For life insurance, the things are a little bit different. The main idea of covering a special event which could cause you damages is common, but there are some differences in the typology aspect and also the way the money you pay are managed by the insurance company. This life insurance policy will oblige the insurer to pay a sum of money, if insured person’s death or other critical illness occurs. The policy owner must pay an amount of money at regular intervals or in lump sums.
The life insurance can be permanent or temporary, and there are other four subclasses for this kind of policy: universal, whole life, term or endowment life insurance.
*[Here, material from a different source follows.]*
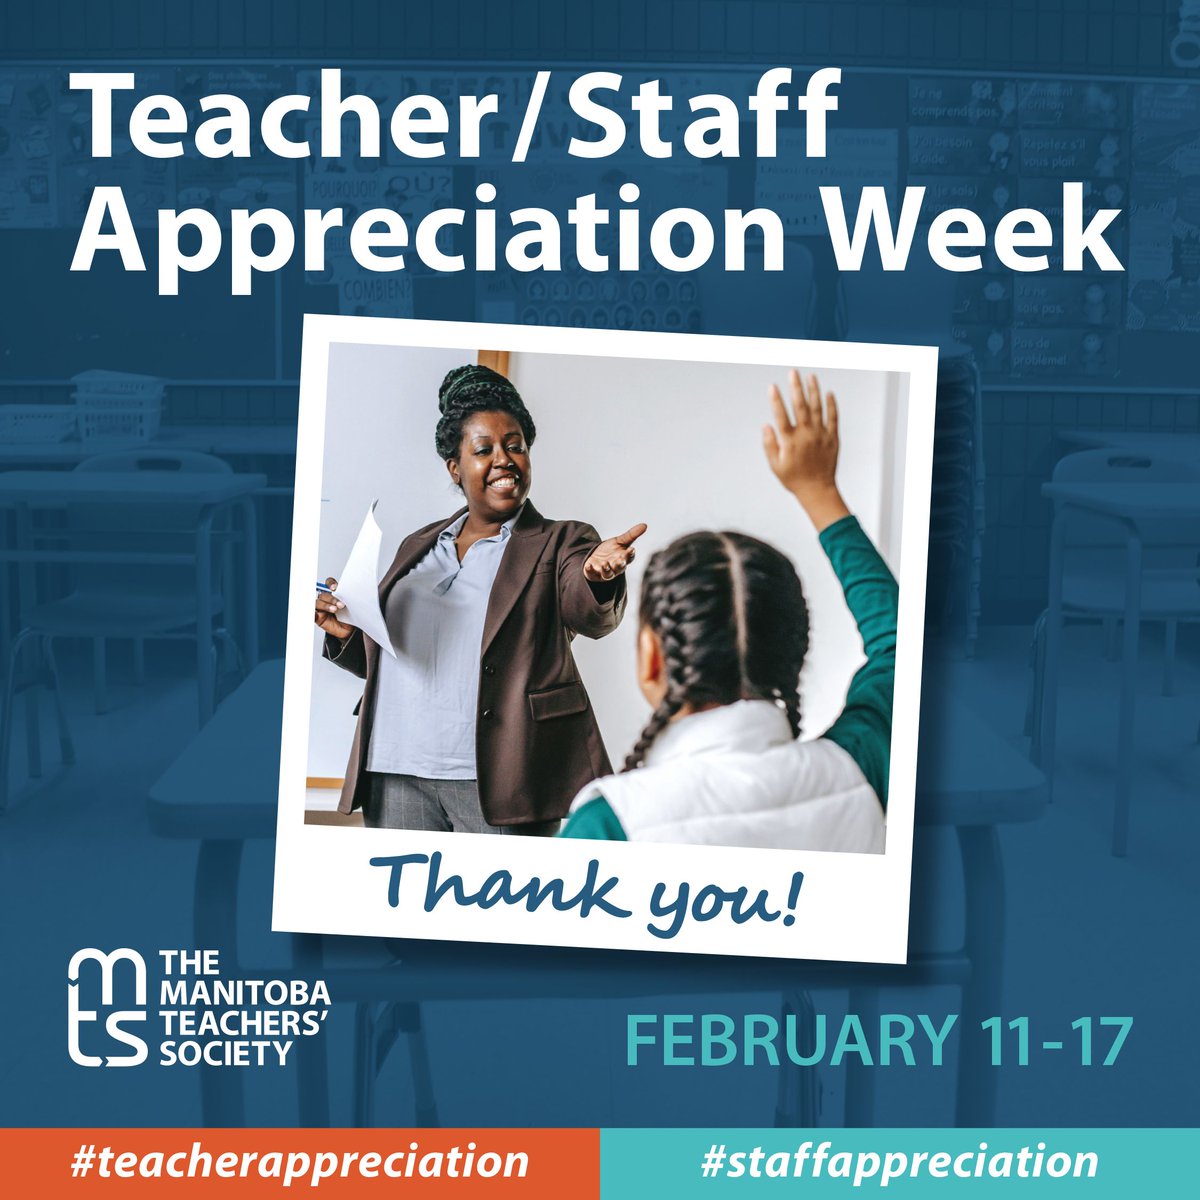 Teacher/Staff Appreciation Week is February 11 to 17. Celebrate by sharing your favourite teacher stories on social media using the hashtags #TeacherAppreciation #StaffAppreciation #TeacherAppreciationWeek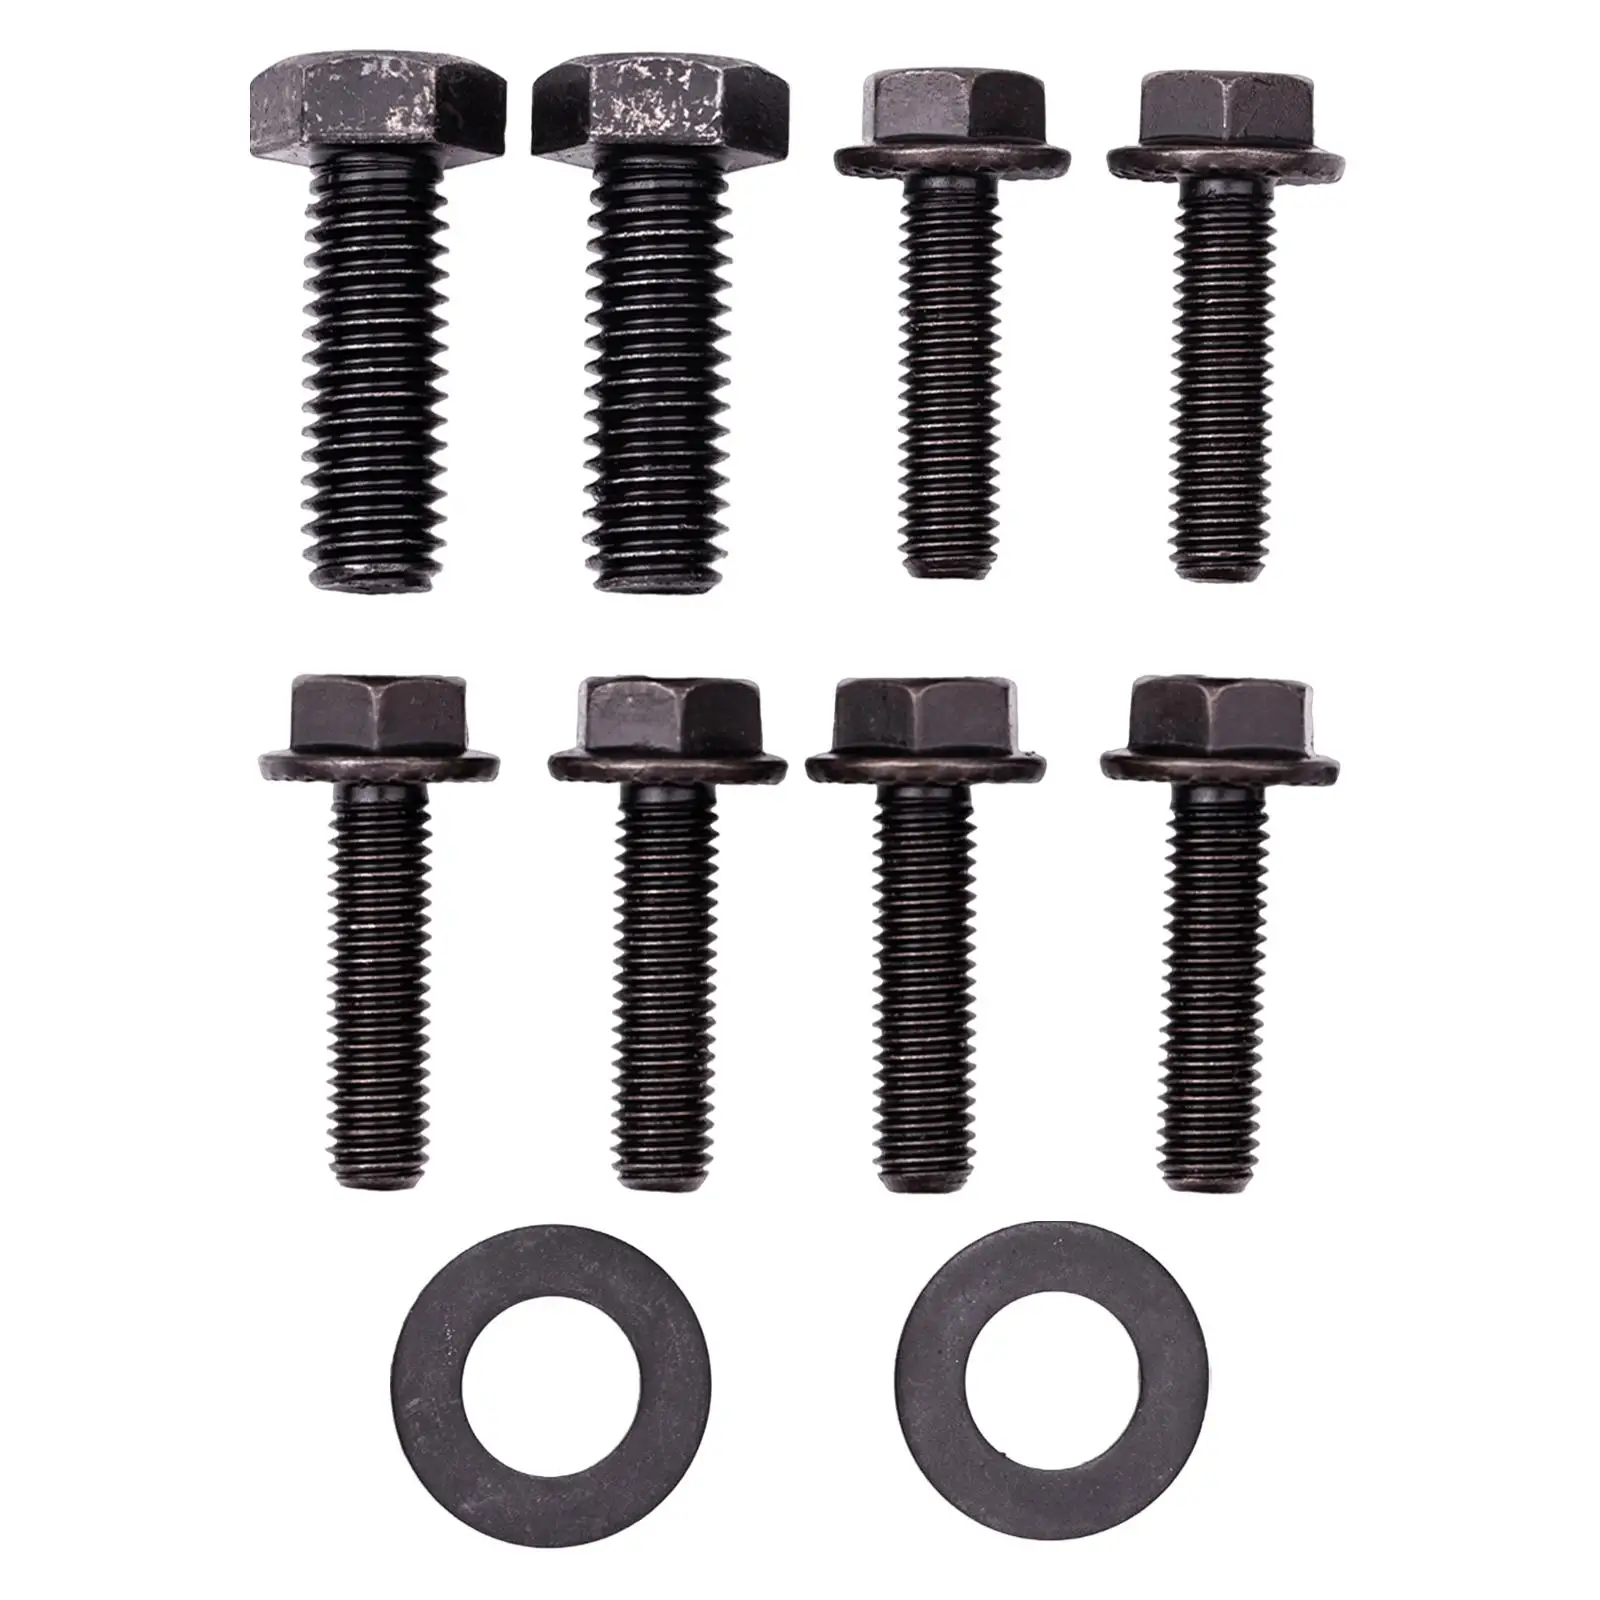 Front Seat Mounting Bolts Attachment Professional Heavy Duty Stable Performance Automotive for Jeep Wrangler TJ 1997-2006

The temporary policy will cover the insured person for a specified time and for a premium. This policy does not accumulate value, and this is the type of policy which is closes to the “pure” insurance, because it covers only in the event of death and nothing else. The policy holder is insured for just the term specified in the contract. If the person dies before that specified term, the beneficiary will receive a payout, but if the insured person does not die in that term, he will get nothing from the insurance company. The most important aspects to be considered in this type of policy are the face amount, length of coverage and the premium to be paid. I think it’s clear that suicide is excluded from the covered events occurring. The permanent life insurance policy will be available until it goes mature and it can only be cancelled if the insured person doesn’t pay his premiums. The money in someone’s account at the insurance company, paid for this kind of life insurance, can be accessed by the insured person, and this is very important, because certain amounts of money can be borrowed, withdrawn or the policy can be surrendered.

The General Insurance
It is very important to think in which domains of your life you need insurance policies, and if you analyze the problems a little bit, you will see that there are many aspects which need to be covered, because there always are imminent risks, in a lot of activity fields, and even if you are careful with driving there can always be another driver who can crash your car, and even if you take care of your health, there can always happen accidents at the workplace. I think it’s obvious why you should have a business insurance policy, and you should know that no matter how good entrepreneur you are, the unexpected can happen and all can be ruined up.